His death not only leaves a gap, which is irreplaceable, it leaves many of us without wise counsel and a true friend. From this can be said of Basil, to live on in the hearts of those we left is not to die.
In humble tribute
The 1970s saw a large increase in the number of junior teams and the club was fortunate to have a willing group of supporters to coach and manage these teams. Names that come to mind are Johnny Judge, Eric & Barry Crouch, Ron Bates, Des Cartwright, Alan Drayton and Rob Shepherd. Ron recalled the Windsor/ Richmond games against Riverstone, which were always a tough battle, characterised by a real love-hate relationship, but all were the best of mates.
Throughout the ’70s the club won more than its share of premierships and also won the club championship in 1976 and 1992. The club again won the A grade premiership in 1988, 1989 and 1990. Players from Riverstone that went on to play grade with Penrith include Roy West, Ken Wolffe, Geoff Pfister and Zac Olejarnik.
By the 1980s the clubs grounds received a big boost’ with the construction of new amenities and grandstand. The oval was fenced and underground watering was supplied. The work was done by Blacktown Council with a lot of help from club members.
Ron said one friend he did want to give special thanks to was Russell Magennis -a mate who was always there to lend a hand. He has coached and managed teams, marked the fields, became club president, was the clubs best seller of raffle tickets, you name it, he’s done it.
Ron Bates was Secretary of the Riverstone club from 1968 to 1982 and was rewarded with Life Membership. He was also made Life Member of the Penrith District J.R.L. for his years of service to that club.
His best memories of the club include -the presentation days for the kids at the end of the season, the trips away with the kids teams, selling raffle tickets at the Tourmaline Hotel, the selling of doubles on the Commonwealth Bank corner on Friday afternoon and Saturday morning. He also has good memories of the Bowls days and socials held at the Bowling Club, the barbecues after the home games and the many celebrations held in the footballers hall.

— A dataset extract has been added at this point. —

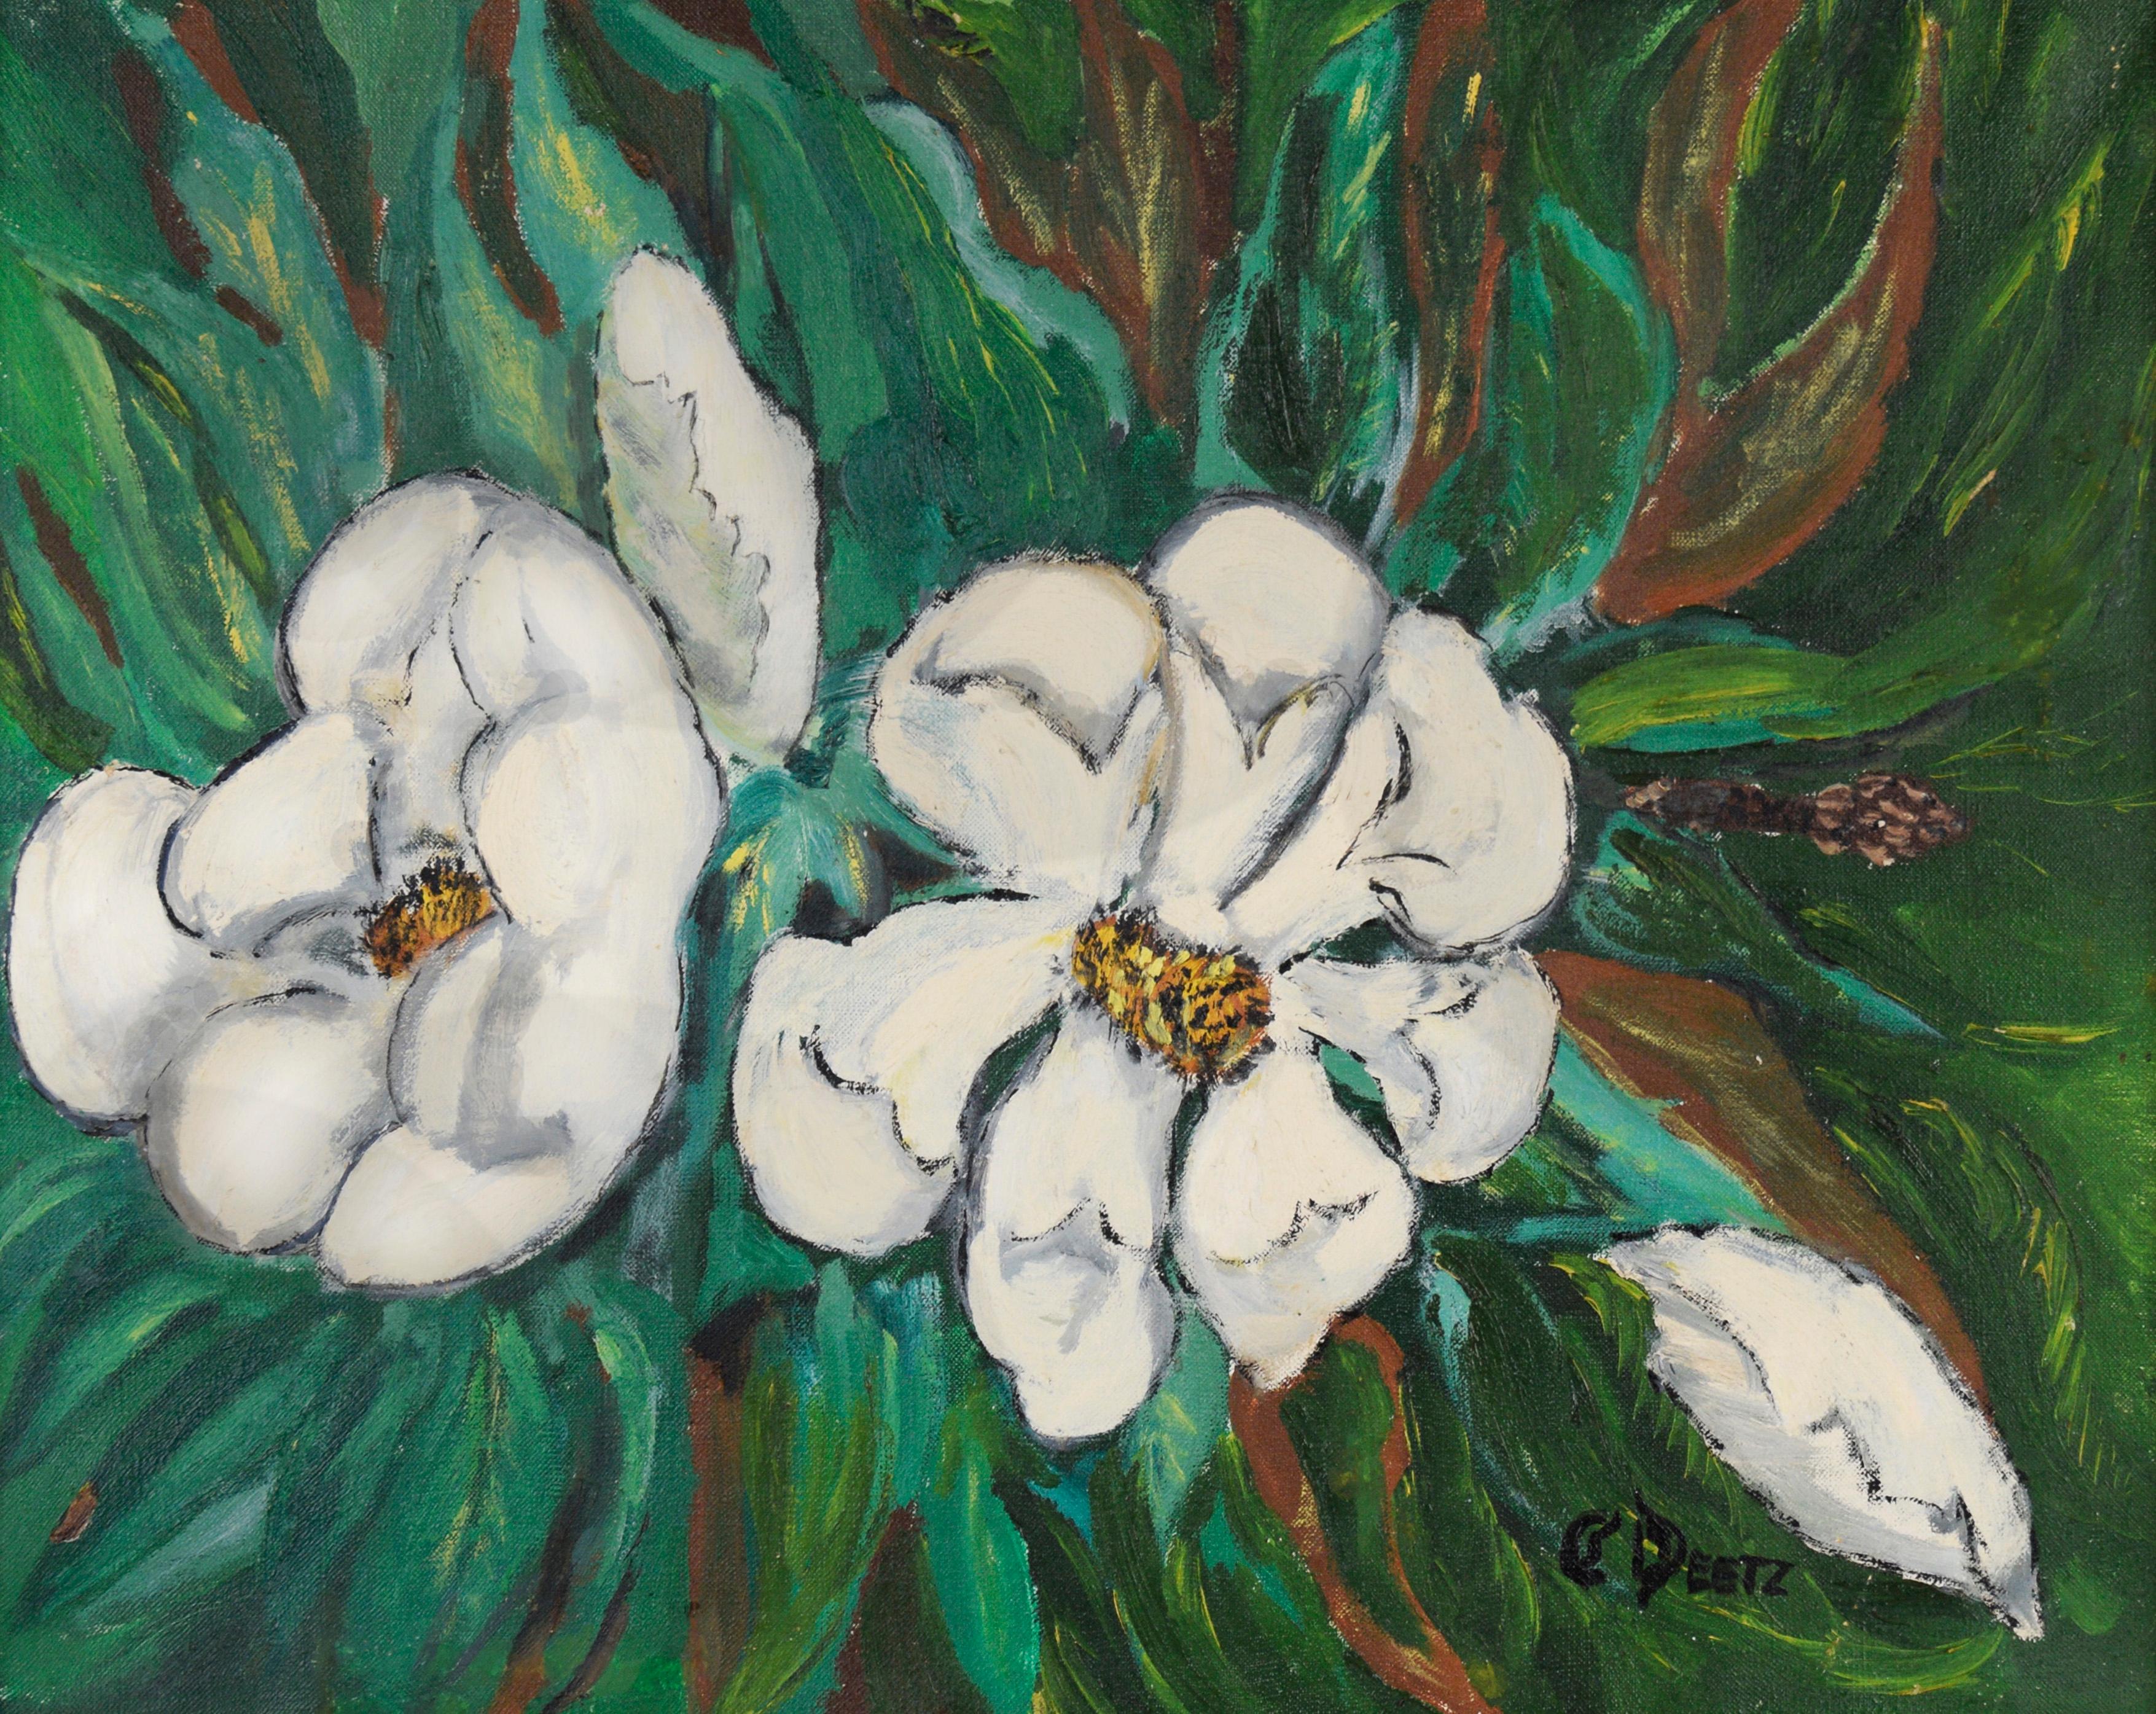 Modernist Southern Magnolia Original Oil Painting

Rich hues of emerald green and soft yellow highlights frame Southern Magnolias (“Magnolia Grandiflora”, also known as Bull Bay) in this original oil painting. This painting will make a wonderful

Riverstone “A” Grade premiers 1989
Back row: 1. Steve Welfare 2. Kirk Drayton 3. Paul Melnick 4. Paul Lewis 5. Mick Carter2nd row: 1. John Davis 2. Peter Wijnans 3. ‘Barney’ 4. Brett Lloyd 5. Ernie Lundt 6. Steve Tolsher 7. Bob Cairns 8. Graham Britton
3rd row: 1. Rob Shepherd 2. Jim McTaggart 3. Michael McNamara 4. ? 5. John Cartwright 6. Grant Burgmann 7. Darryl Harris 8. Graham Barlow 9. Barry Drayton
Front row: 1. Graham Hunter 2. Lyle Mackie 3. ? 4. Geoff Hunter 5. Trevor Niass 6. Robert Parkes 7. Barney ? 8. Neil Wolffe
The backbone of any successful club is the committee, Riverstone has always been fortunate to have many members who have been prepared to give a lot of their time to the club. The club has recognised many of these members with Life Membership and they are:
Charlie Harris, Basil Andrews, Bill McNamara, Frank Crowley, Bobby Parkes, Eric Gunton, Geoff Binks, Ron Bates, Eric Crouch, Barry Crouch, Alan Drayton, Des Cartwright, Eric Martin, Johnny Judge and Bill Denman.
The Riverstone Club changed its name to the Riverstone Razorbacks in the year 2000.
When the Penrith Panthers defeated the highly fancied Sydney Roosters in the 2003 Grand Final, the team comprised 2 players who had played all of their Junior football with the Riverstone Club. They were Shane Rodney and Joel Clinton; Joel Clinton continued his outstanding season by being selected to tour with the 2003 Kangaroos to England.
Compiled by Clarrie Neal from information and photos provided by Bobby Parkes, Ronnie Bates, Graham Barlow, and Dessie Cartwright, February 2000.
Later details have been added as they eventuated. Many of the old programs on display at the museum were provided by Geoff Binks, another grand supporter of the club from the late 1940’s to the 1980’s.